= River Lemon Valley Woods =

Protected area in Devon, England

River Lemon Valley Woods is a Site of Special Scientific Interest (SSSI) in Devon, England. It is located on the western edge of Newton Abbot and encompasses part of the valley of the River Lemon. The River Lemon has formed a steep-sided valley here. This protected area has both exceptional ancient semi-natural woodland and important exposures of Devonian geology and associated fossils.

Historically this protected area was called Chercombe Bridge Old Quarry.

== Biology ==
Woodland trees include ash, pedunculate oak, beech, small-leaved lime, field maple, sycamore and alder. The shrub layer includes hazel, wild service-tree, spindle, wayfaring tree, guelder rose, dogwood and crab apple. Plants present in this woodland also include butcher's broom, spurge laurel, bird's-nest orchid, wood vetch and small teasel.

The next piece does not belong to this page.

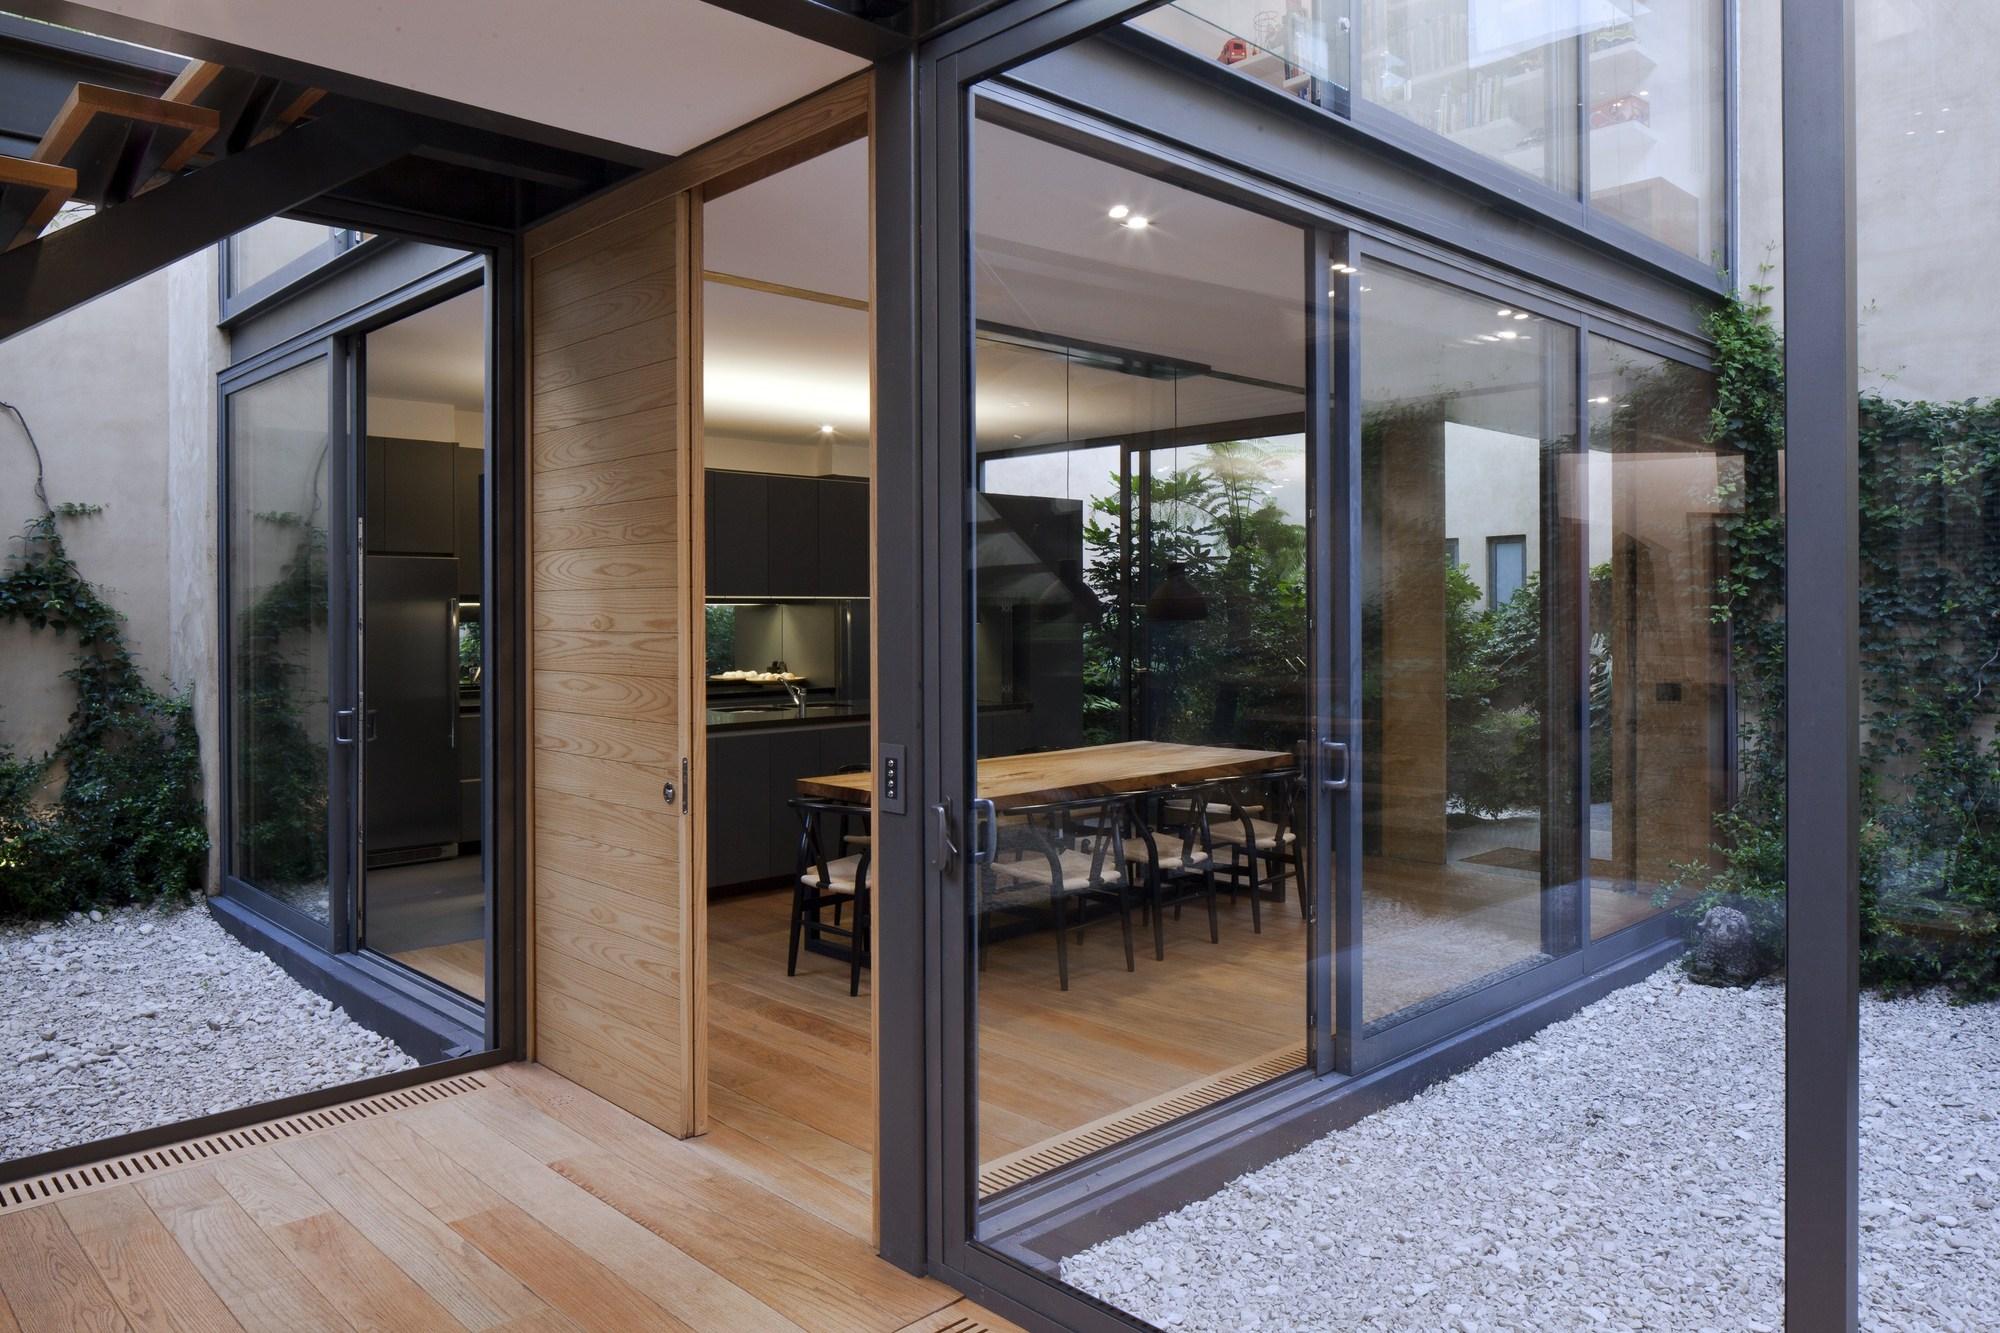 Galer a de casa de los cuatro patios andr s stebelski - Casas estructura metalica ...

Broadridge Quarry forms a clearing in the woodland. Plants growing on rock ledges include rock rose, wild thyme, dropwort and fragrant orchid. Moss species in this quarry include Grimmia orbicularis.

Insect species include the butterfly called white admiral. Fish species in the River Lemon include salmon, stone loach and bullhead.

== Geology ==
The site includes two disused quarries where limestone was extracted that are called Chercombe and Broadridge. These quarries show important exposures of Devonian limestone and fossils have been found here. Organisms fossilised in Chercombe Bridge Limestone include Amphipora, tabulate corals, stromatoporoids, brachiopods, gastropods and trilobites.

== Land ownership ==
Parts of River Lemon Valley Woods SSSI are owned by the National Trust.